Minimal inhibitory concentrations (MICs) of kanamycin (K), tetracycline (TET), nalidixic (NA), oxolinic (OA) acid, flumequine (UB), erythromycin (ERY), rifampicin (RD) and chloramphenicol (CHL) were determined by the microbroth dilution method (9). In addition, MICs of amoxicillin/clavulanic (AMC), cefotaxime (CTX), cefoxitin (FOX), ceftazidime (CAZ), imipenem (IPM), piperacillin (PRL), ticarcillin (TIC), aztreonan (ATM), cefepime (FEP), ciprofloxacin (CIP), netilmicin (NET), norfloxacin (NOR) and levofloxacin (LEF) were determined using E-strips (MICE; Oxoid, Madrid, Spain). Finally, susceptibility to the antibiotics tested was evaluated on the basis of MIC values obtained, in accordance with the breakpoints recommended by the Clinical and Laboratory Standards Institute (9).
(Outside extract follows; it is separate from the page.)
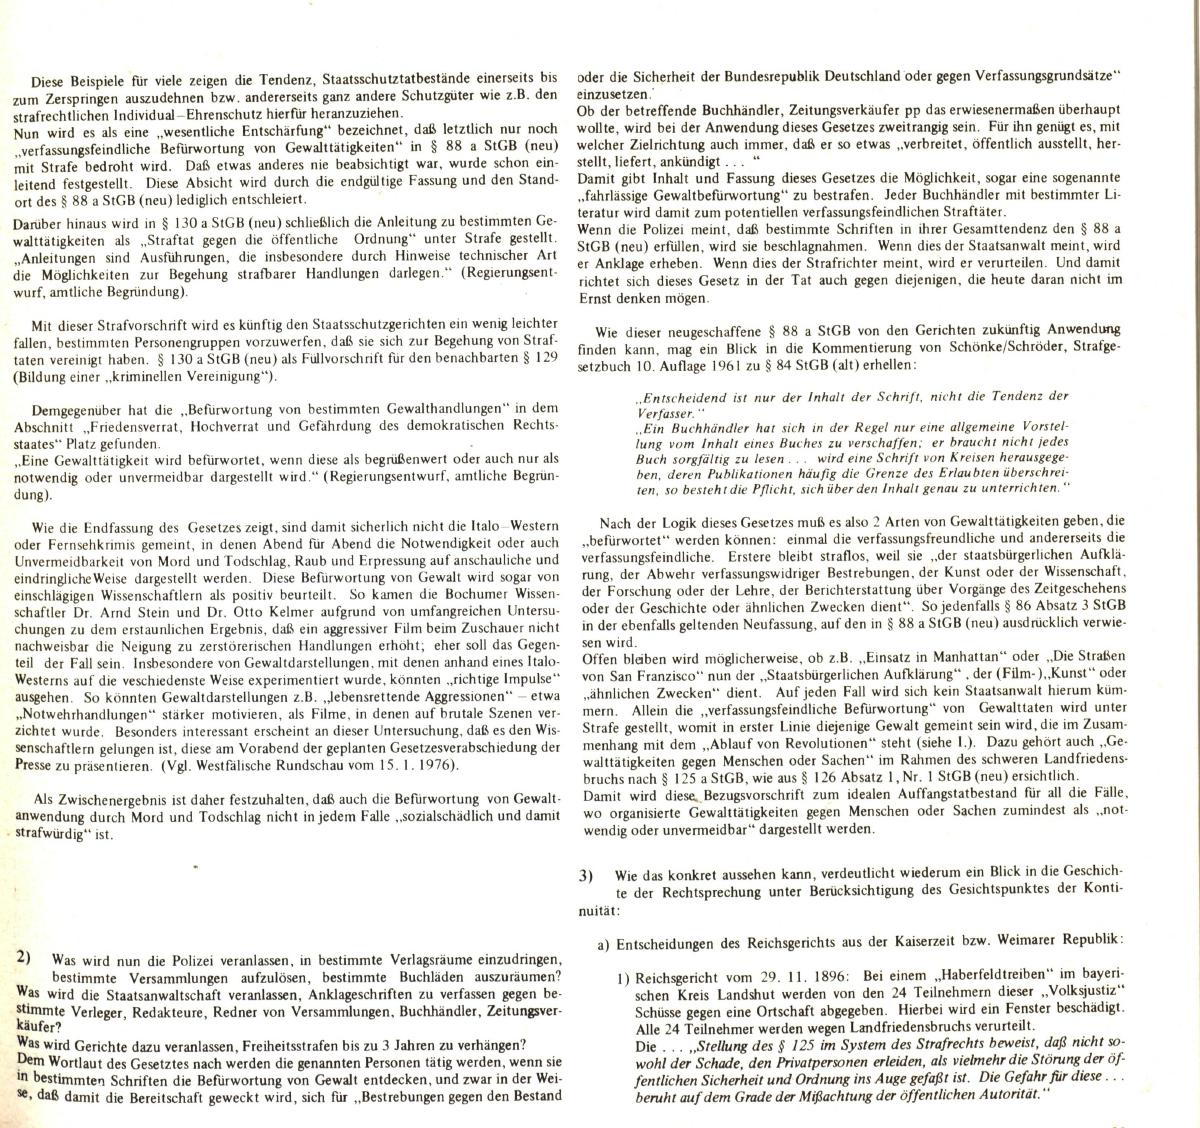 REP_VLB_1976_Die_Zensurgesetze_24

Virulence for European eel

For the challenge experiment, six young eels of around 10–20 g were challenged by intraperitoneal injection with each of the bacterial doses (108, 107, 106, 105, 104, 103, 102, 101 CFU mL−1), or with 0.1 mL PBS (controls). Each set of six eels was kept in a 20 L aquarium under the following conditions: i) dechlorinated tap water, ii) water temperature around 20°C, iii) oxygen concentration in water was above 90% saturation, and iv) fish were not fed. Mortality was recorded daily for 10 days and was only considered if the challenged bacterium was recovered as pure culture from the internal organs.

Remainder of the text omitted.